What do patients with smell loss want?

I use my FB page to update my readers with the latest in research, to help them understand smell training, and to encourage discussion about how their smell loss is progressing—or not. We are an ever growing number, as of today over 550 members. I see our role together, the Facebook Smell Training Group, as a collective body of information about smell loss, almost as important as my original role of smell training “teacher”. I feel that our shared experience of this most confounding and under-researched condition could inform the way research is conducted as well as the way health care providers respond to us. To quote Sharon Terry, an inspirational TED speaker and founder of the Genetic Alliance: “There are no easy answers, but together we have the answers in us”.

Recently I raised a question for the members of the Facebook group. What would you like to see, I asked, to help you in coping with smell loss? What resources do you wish you had? Where do the problems lie? The responses make interesting reading. Here is a selection:


We need ways to politely but firmly get our doctors' attention and get them to take us seriously. Perhaps some brief but professional written information we could give them.


[we need]…a one stop shop for us so that we can be directed into smell training( if appropriate) reassurance that we are not going crazy, concise and clear information about the various stages of anosmia, parosmia and any other smell disorders, dietary advice, information booklet for relatives and friends.


Access to real and safe information is key - understanding the recovery process, how to speak to doctors, family members. Also safety articles (had a propane leak in my house that I didn’t smell). Lastly, access to any peer-reviewed studies and reports. When I went armed to my ENT…he was dismissive.


I agree - and when we say doctors, including neurologists as well as ENTs. Also [re TBI cases, knowing that] …smell training is worth trying for all newly acquired anosmics (both TBI and post-viral). I actually know of several TBI cases with similar parosmia/recovery paths as post-viral anosmics. We even have the same parosmic aversions that many post-viral cases do, like to coffee/chocolate/anything roasted etc. For smell training, it would be awesome to be able to order kits with specific smells from a vast smell library.

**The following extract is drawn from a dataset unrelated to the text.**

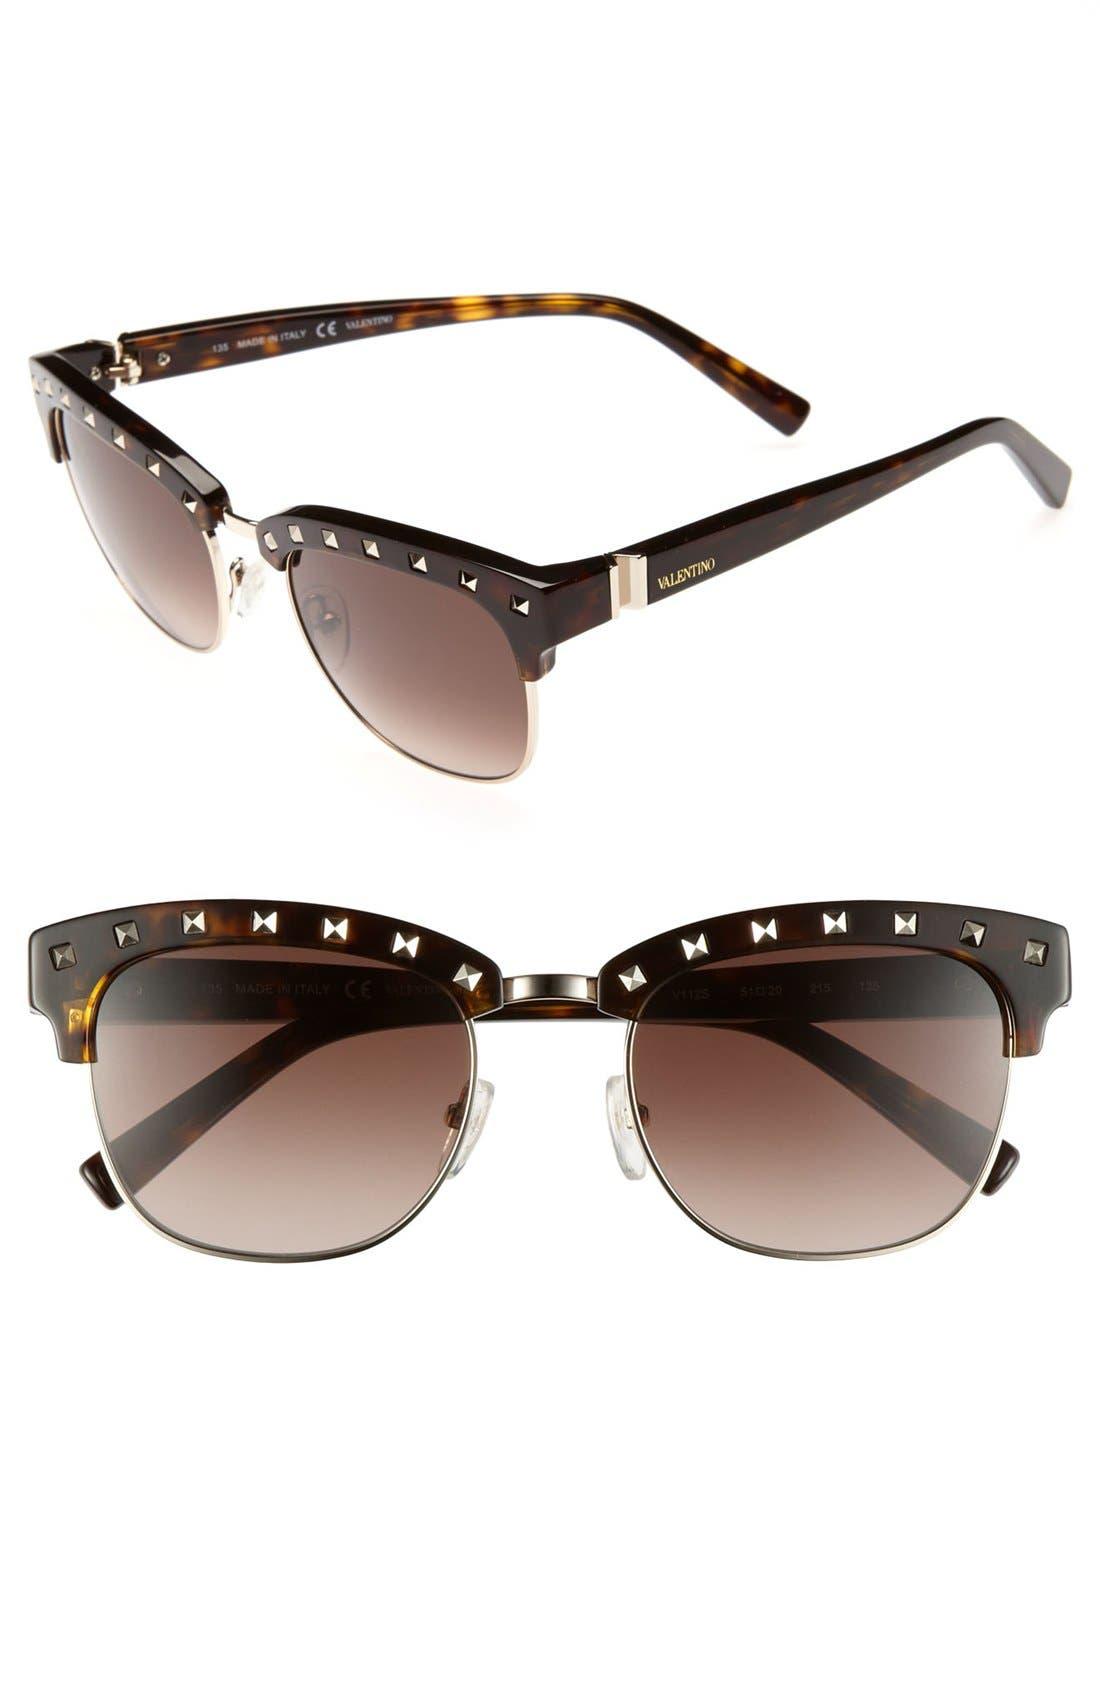 Alternate Image 1 Selected - Valentino 51mm 'Rockstud' Sunglasses

I feel like TBI cases are often written-off as hopeless, but I am a good example of post-TBI recovery. On the other hand, I felt like my ENT lumped me with post-viral cases and tried to treat me with prednisone which was useless to me. In general, a better understanding of post-TBI cases is what I am hoping for. It seems like all the current research excludes us as well.


I’d like to see a lot more patient-advocacy, more medical research, and a much higher profile of the condition. A foundation that cares for us, campaigns on our behalf and champions our cause. The ability to speak to, and for, patients and healthcare professionals. Either by using actual patients as advocates, or by providing specialised training to HCPs in order that they can spread knowledge through the healthcare industry. Or both. Providing speakers, stalls and information at healthcare conferences. That sort of thing.

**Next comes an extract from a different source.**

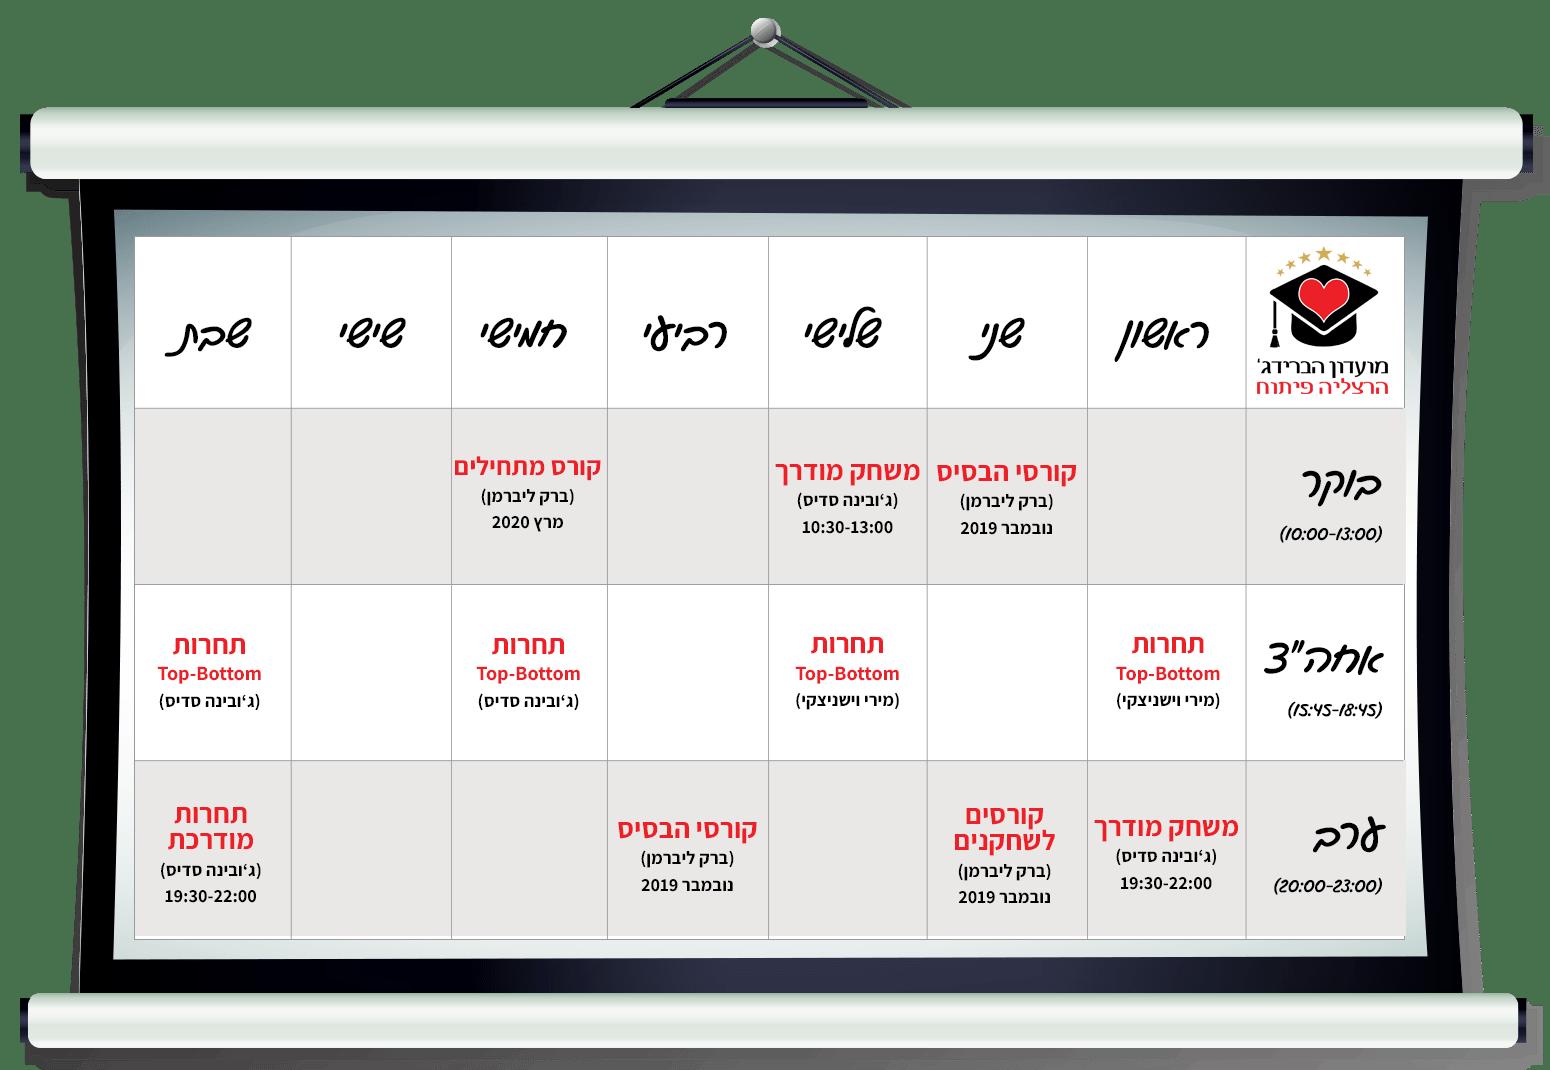 לוח פעילויות - מועדון הברידג' הרצליה פיתוח

Definitely need more resources on cooking with smell disorders and coaching on how to experience food differently, more mindfully and joyfully. 

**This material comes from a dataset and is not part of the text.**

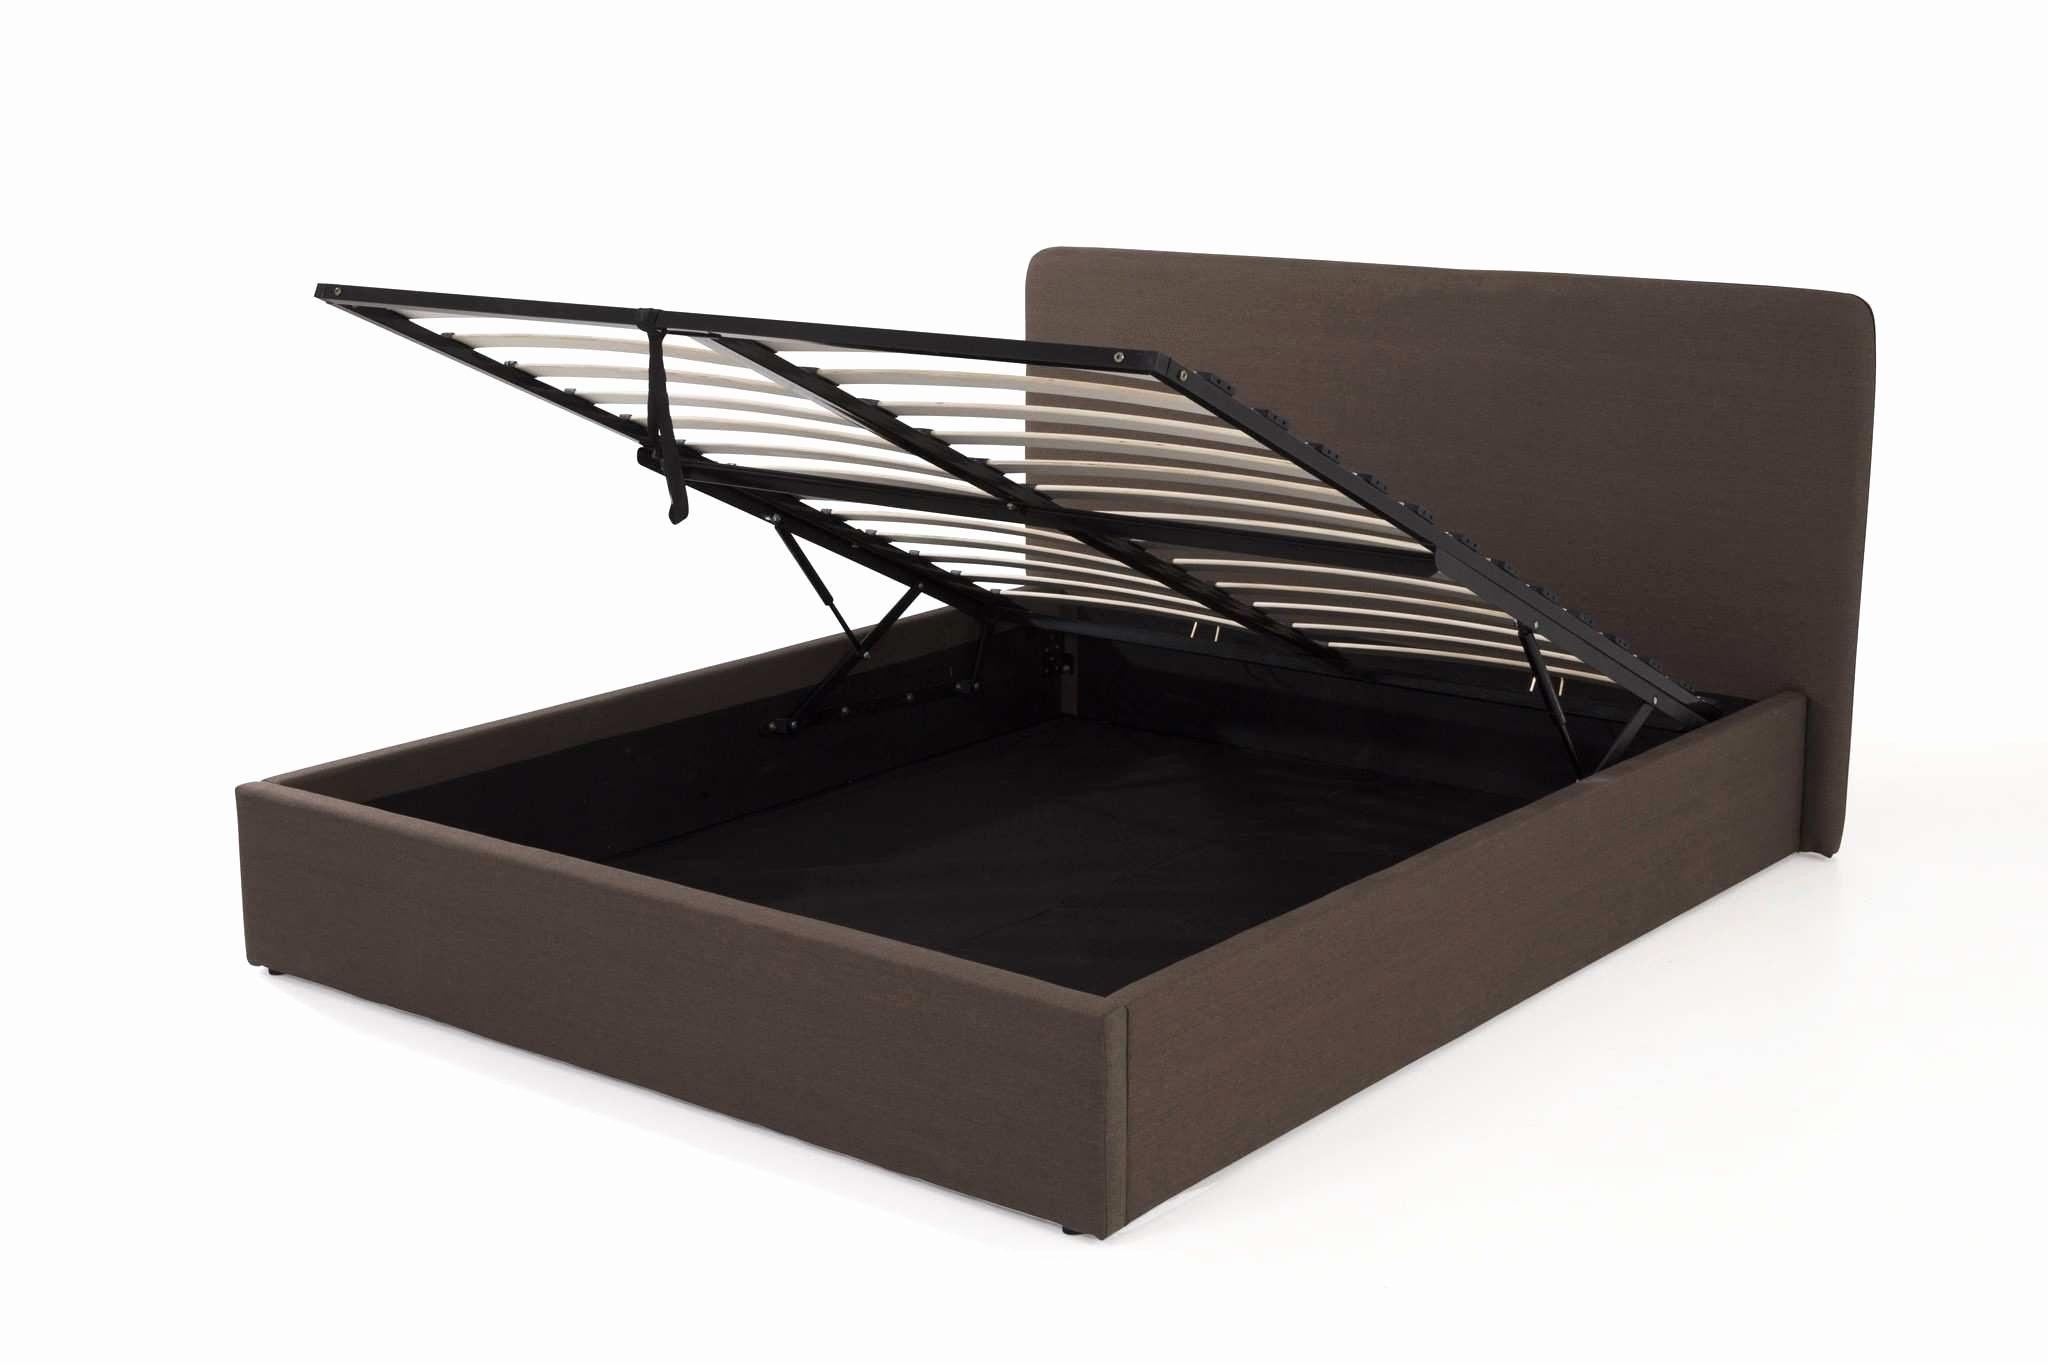 Sommier Lit 160×200 Inspiré Lit 160—200 Gris Beau Cadre De Lit Haut 160—200 Ikea Lit Malm 160

I wish there was some more education for this problem and also more on tv, you see lots of problems being addressed on popular morning tv shows but I have never seen our problem addressed. I would be interested to find out if junior doctors have this debilitating problem on their curriculum? Considering there are so many of us struggling with this I cannot believe how little the medical profession know about it.


I would like the medical professionals to take more of an interest in this condition instead of just dismissing us and saying nothing can be done.


I wish all GPs were more educated on the condition and…able to support…it is very depressing when you can't eat and all he wants to do is send me to a dietician


It would be a good thing if all ENT-practices offered [counselling] for those of us who need it. I went to a specialised clinic this week after a smell test. The only thing they said was smell training can help but no guarantee, Goodbye! No empathy, no questions how I am coping. So yes, attention for the emotional side of the matter would be great I think.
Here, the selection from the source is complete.